You owe nothing to me for the data, and if it does get you into trouble, feel free to blame me. If you really want to offer something in return, the best favor you can do for me is to help someone else out there. 

The Posts to come
   In the posts to come, I will talk about what the numbers tell us about the state of the market and the companies that inhabit them, as of the start of 2023. It is undeniable that 2022 was a tumultuous year, with inflation taking center stage, and driving markets. In my next three posts, I will look at inflation's effects on equity markets (in post 2), government and corporate bond markets (in post 3) and other asset classes (real estate, collectibles and cryptos). For those who had become somnolent about country risk, the year provided a reminder of how quickly country risk can flare up and change, with Russia's invasion of Ukraine a precipitating factor, and in my fifth post, I will look at the evolution of country risk during the year.
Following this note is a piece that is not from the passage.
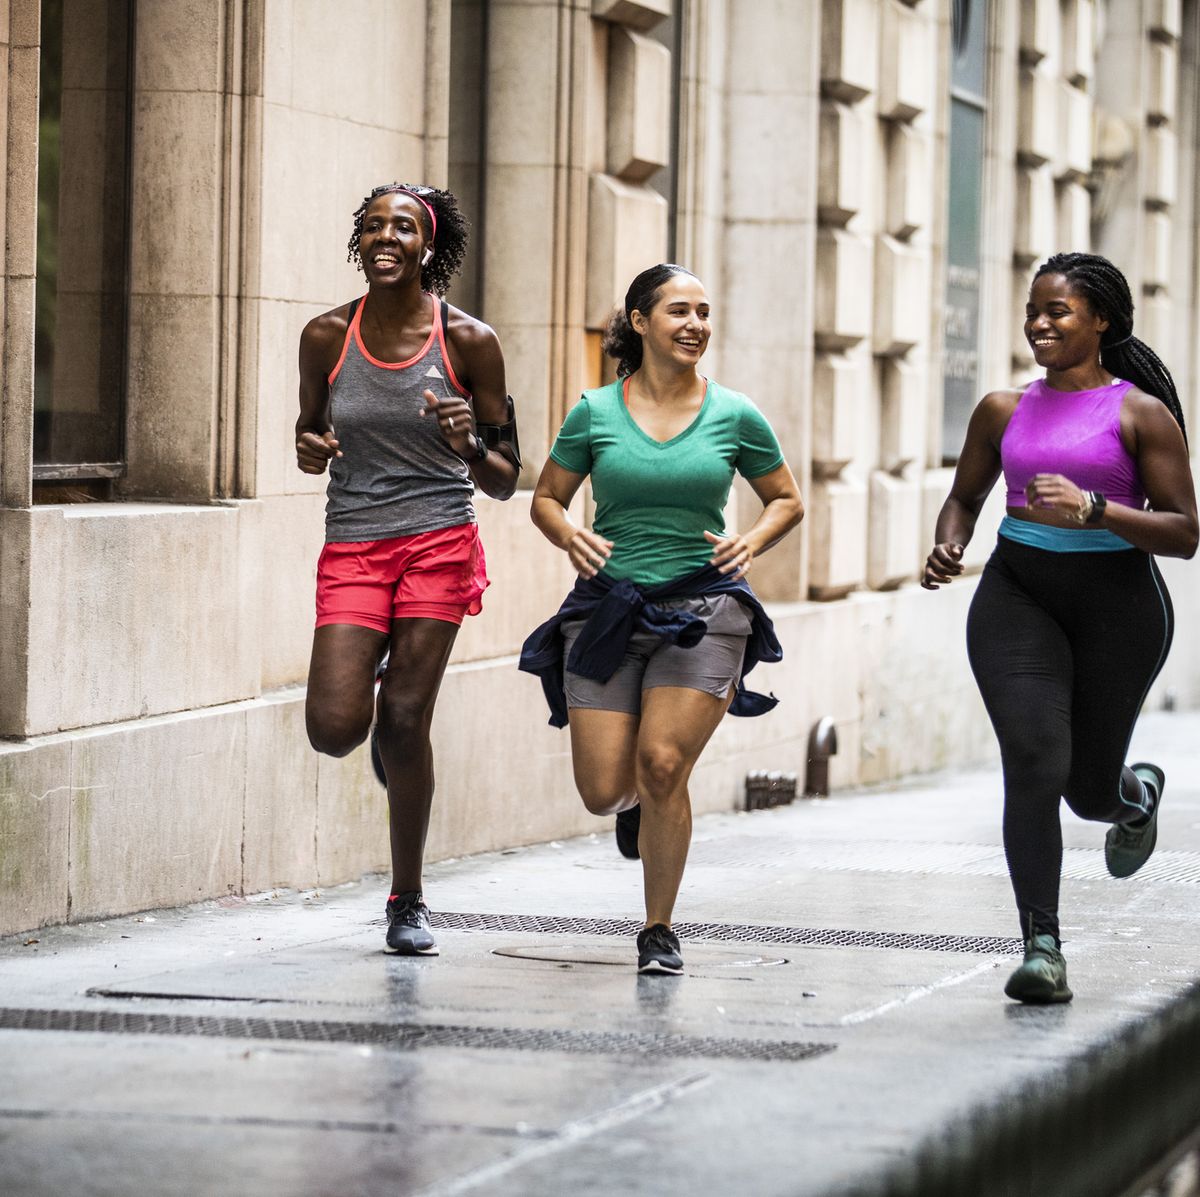 https://hips.hearstapps.com/hmg-prod/images/group-of-women-running-through-urban-area-royalty-free-image-1659458497.jpg?crop=0.668xw:1.00xh;0.244xw,0&resize=1200:*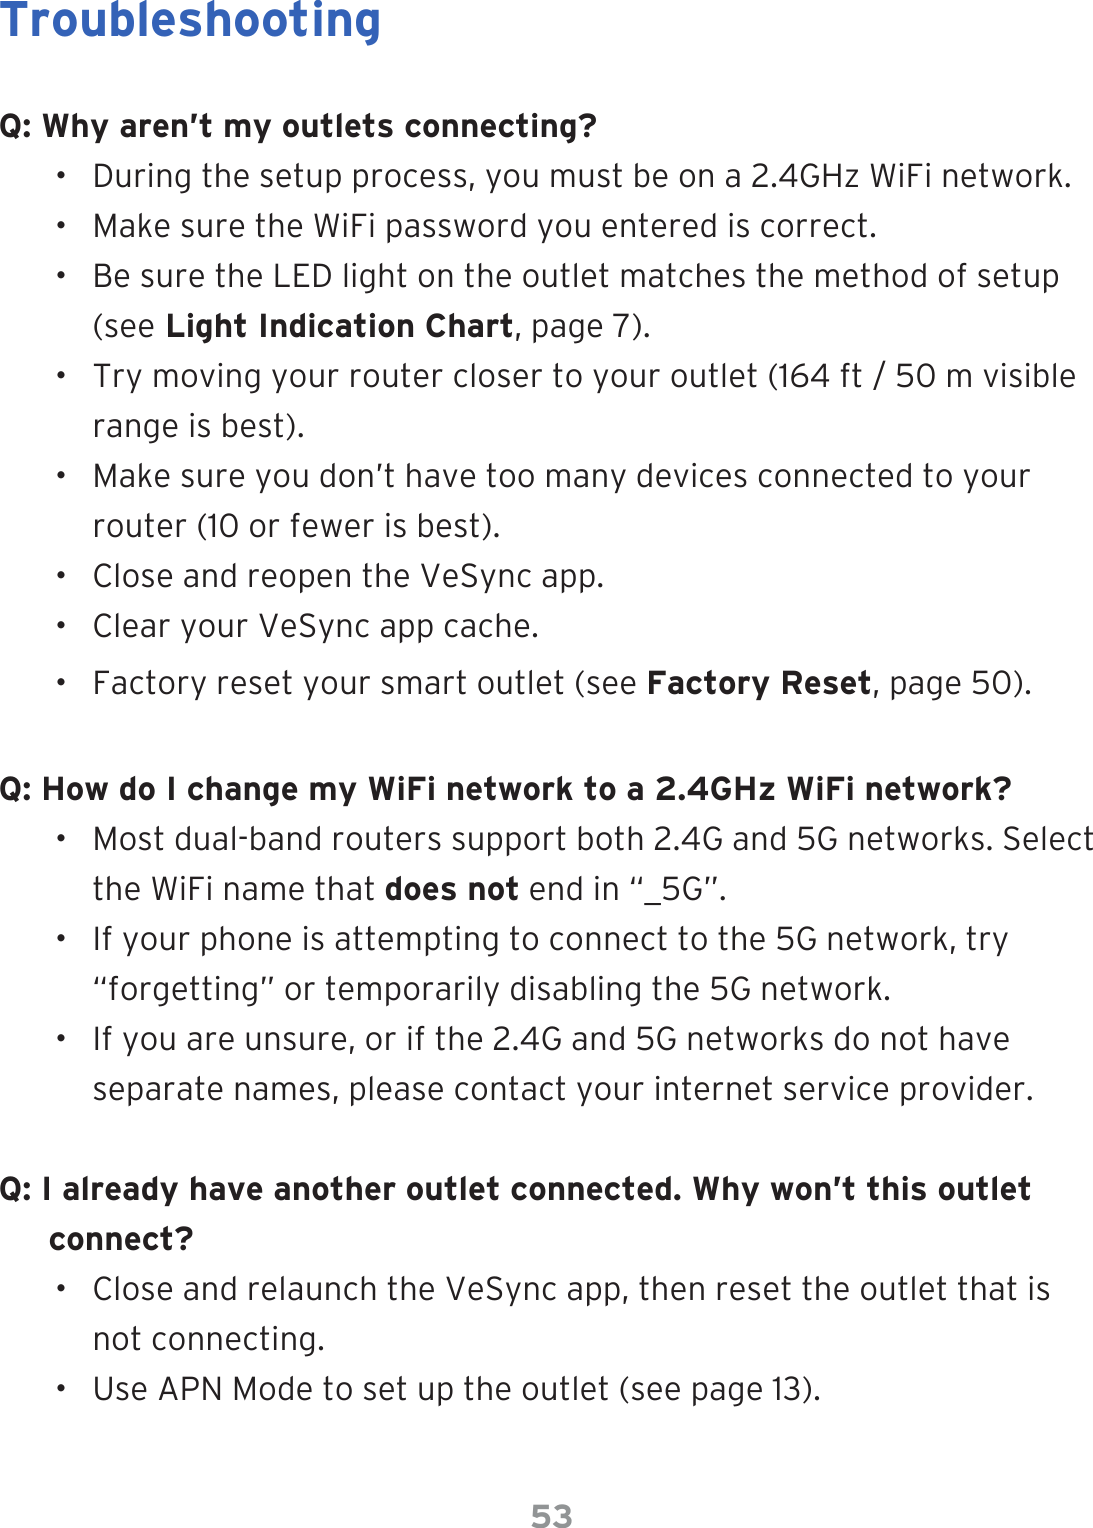 53TroubleshootingQ: Why aren’t my outlets connecting?•  During the setup process, you must be on a 2.4GHz WiFi network.•  Make sure the WiFi password you entered is correct.•  Be sure the LED light on the outlet matches the method of setup (see Light Indication Chart, page 7).•  Try moving your router closer to your outlet (164 ft / 50 m visible range is best).•  Make sure you don’t have too many devices connected to your router (10 or fewer is best).•  Close and reopen the VeSync app.•  Clear your VeSync app cache. •  Factory reset your smart outlet (see Factory Reset, page 50).Q: How do I change my WiFi network to a 2.4GHz WiFi network?•  Most dual-band routers support both 2.4G and 5G networks. Select the WiFi name that does not end in “_5G”.•  If your phone is attempting to connect to the 5G network, try “forgetting” or temporarily disabling the 5G network.•  If you are unsure, or if the 2.4G and 5G networks do not have separate names, please contact your internet service provider.Q: I already have another outlet connected. Why won’t this outlet connect?•  Close and relaunch the VeSync app, then reset the outlet that is not connecting.•  Use APN Mode to set up the outlet (see page 13).

In the three posts that follow, I will look at the shifts in corporate hurdle rates (in post 6), debt loads and worries (in post 7) and dividends/cash returned in post 8. In the ninth post, I will look at how market pricing changed during 2022, across sectors/industries (with technology taking the biggest hit) as well as across growth and corporate life cycles. There is always the chance that I will get distracted along the way, since I want to value Tesla later this month and return to my FANGAM valuations in February!